Amanda was in the Wisconsin desert, putting together one of the Bioart installations she’s been doing now that she’s into what she calls the art caper. It was cow bones this time. Wisconsin ’s covered with cow bones, ever since the big drought ten years ago when they’d found it cheaper to butcher the cows there rather than shipping them out – the ones that hadn’t died on their own. She had a couple of fuel-cell front-end loaders and two illegal Tex-Mexican refugees she’d hired, and she was dragging the cow bones into a pattern so big it could only be seen from above: huge capital letters, spelling out a word. Later she’d cover it in pancake syrup and wait until the insect life was all over it, and then take videos of it from the air, to put into galleries. She liked to watch things move and grow and then disappear.
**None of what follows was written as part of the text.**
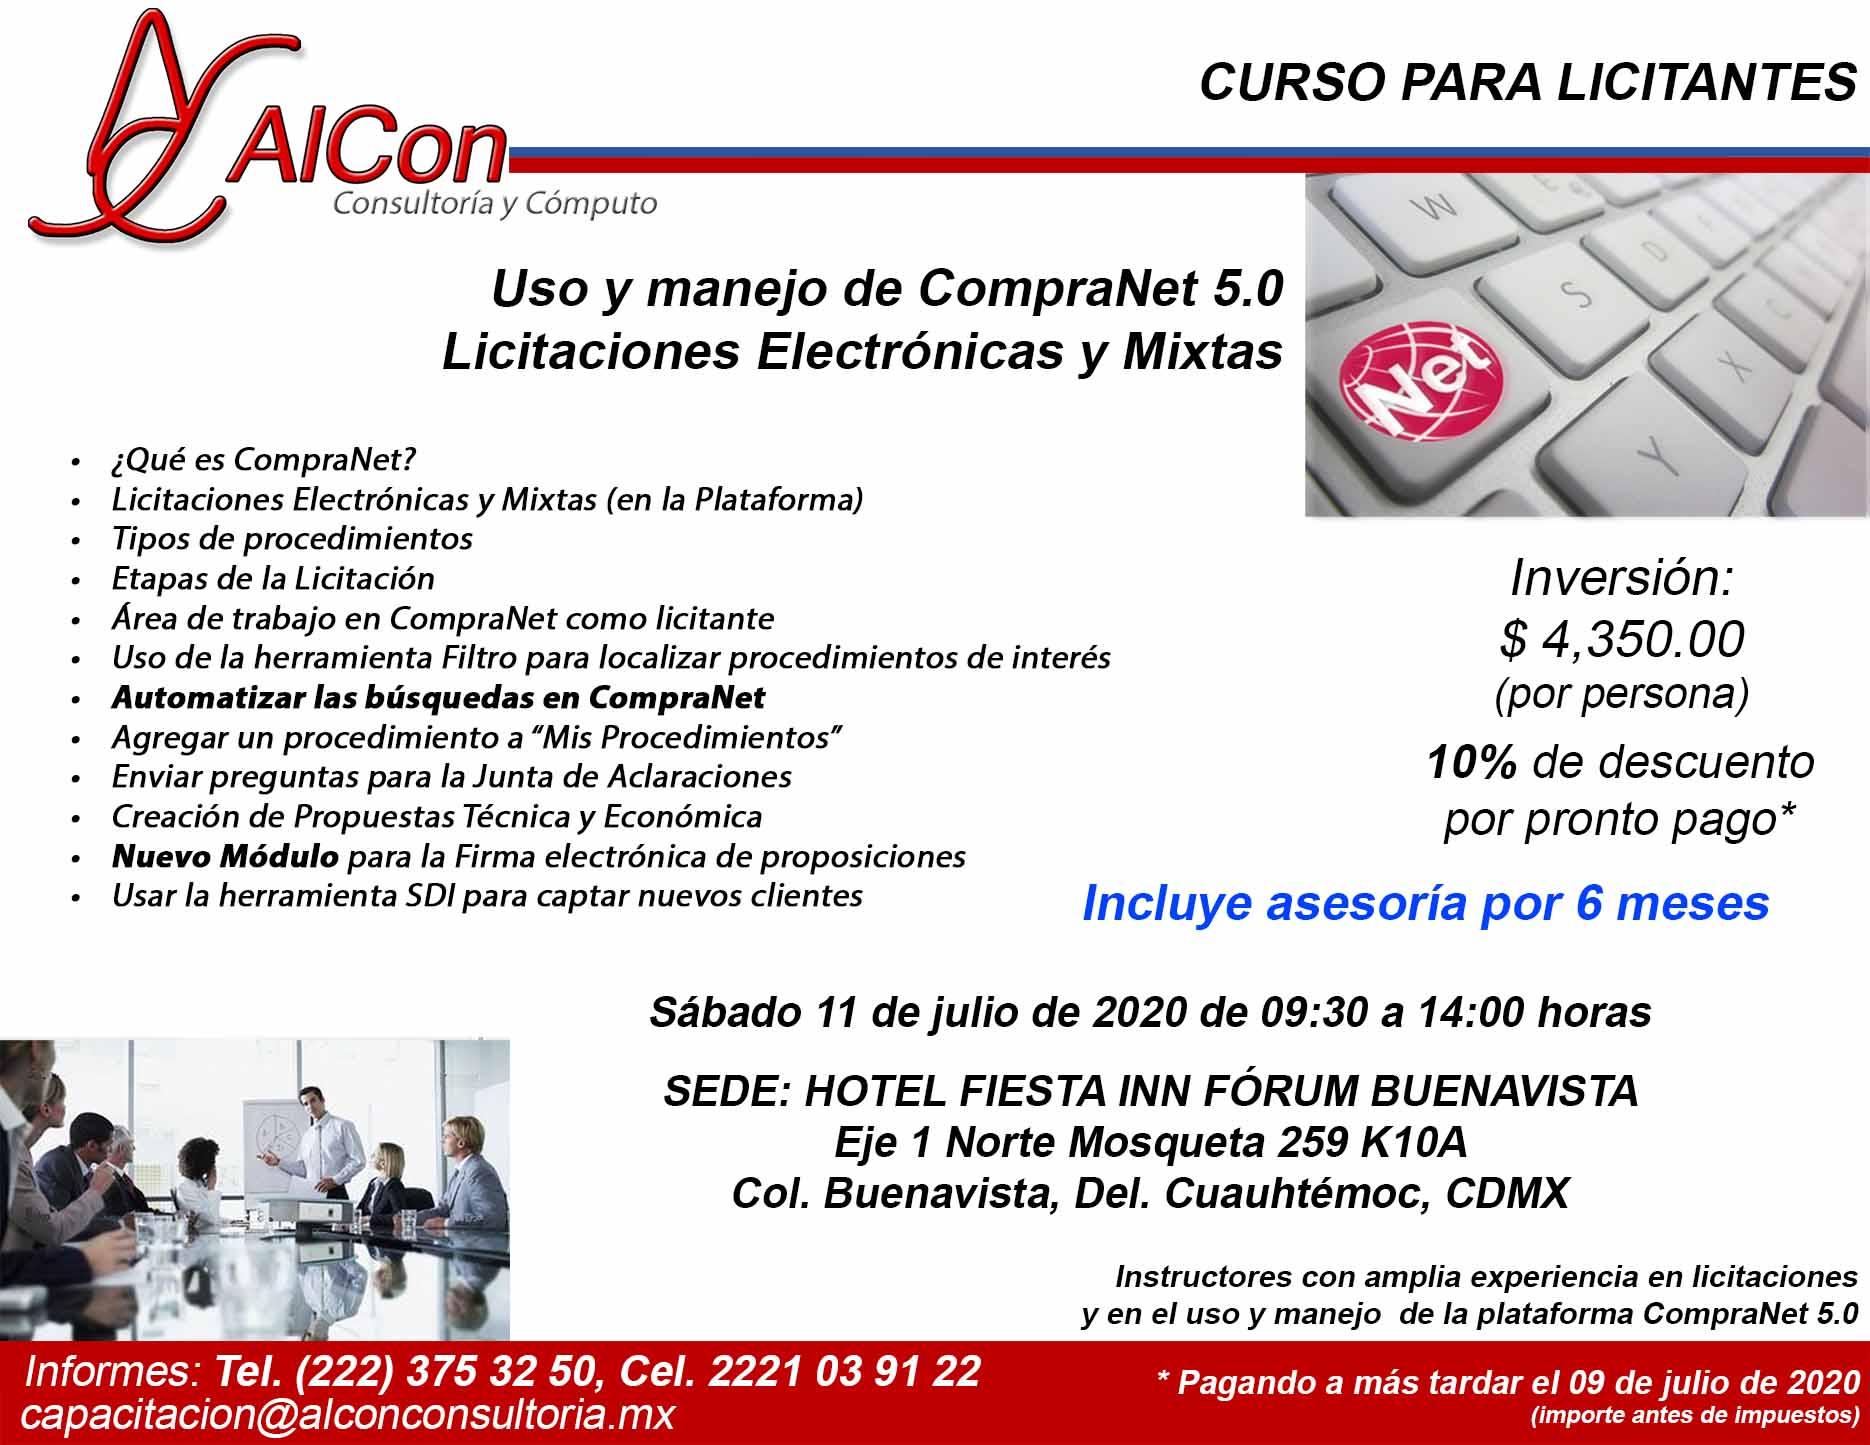 Curso de CompraNet 5.0, Ciudad de México, AlCon Consultoría y Cómputo, AlCon Consulting And Commerce
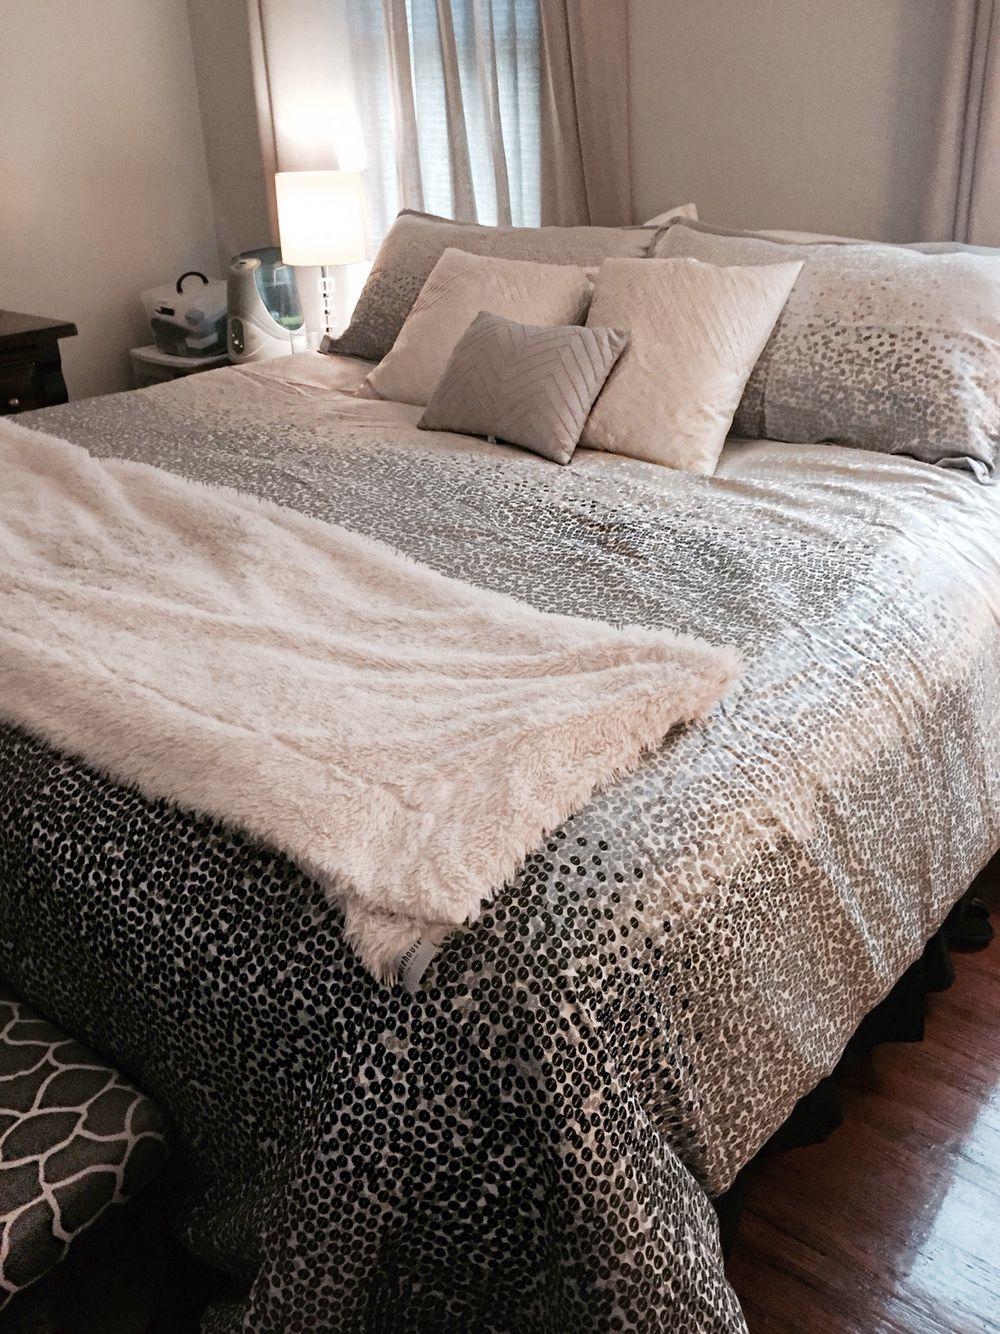 Jennifer Lopez Bedding At Kohls Really Makes A Room Bed

Amanda always got the money to do her art capers. She was kind of famous in the circles that went in for culture. They weren’t big circles, but they were rich circles. This time she had a deal with a top CorpSeCorps guy – he’d get her up in the helicopter, to take the videos. “I traded Mr. Big for a whirly,” was how she told me – we never said CorpSeCorps or helicopter on the phone, because they had robots listening in for special words like those.

Her Wisconsin thing was part of a series called The Living Word – she said for a joke that it was inspired by the Gardeners because they’d repressed us so much about writing things down. She’d begun with one-letter words – I and A and O – and then done two-letter words like It, and then three letters, and four, and five. Now she was up to six. They’d been written in all different materials, including fish guts and toxic-spill-killed birds and toilets from building demolition sites filled with used cooking oil and set on fire.

Her new word was kaputt. When she’d told me that earlier, she’d said she was sending a message.

“Who to?” I’d said. “The people who go to the galleries? The Mr. Rich and Bigs?”

“That’s who,” she’d said. “And the Mrs. Rich and Bigs. Them too.”

“You’ll get in trouble, Amanda.”

“It’s okay,” she said. “They won’t understand it.”

The project was going fine, she said: it had rained, the desert flowers were in bloom, there were a lot of insects, which was good for when she’d pour on the syrup. She already had the K done, and she was halfway through the A. But the Tex-Mexicans were getting bored.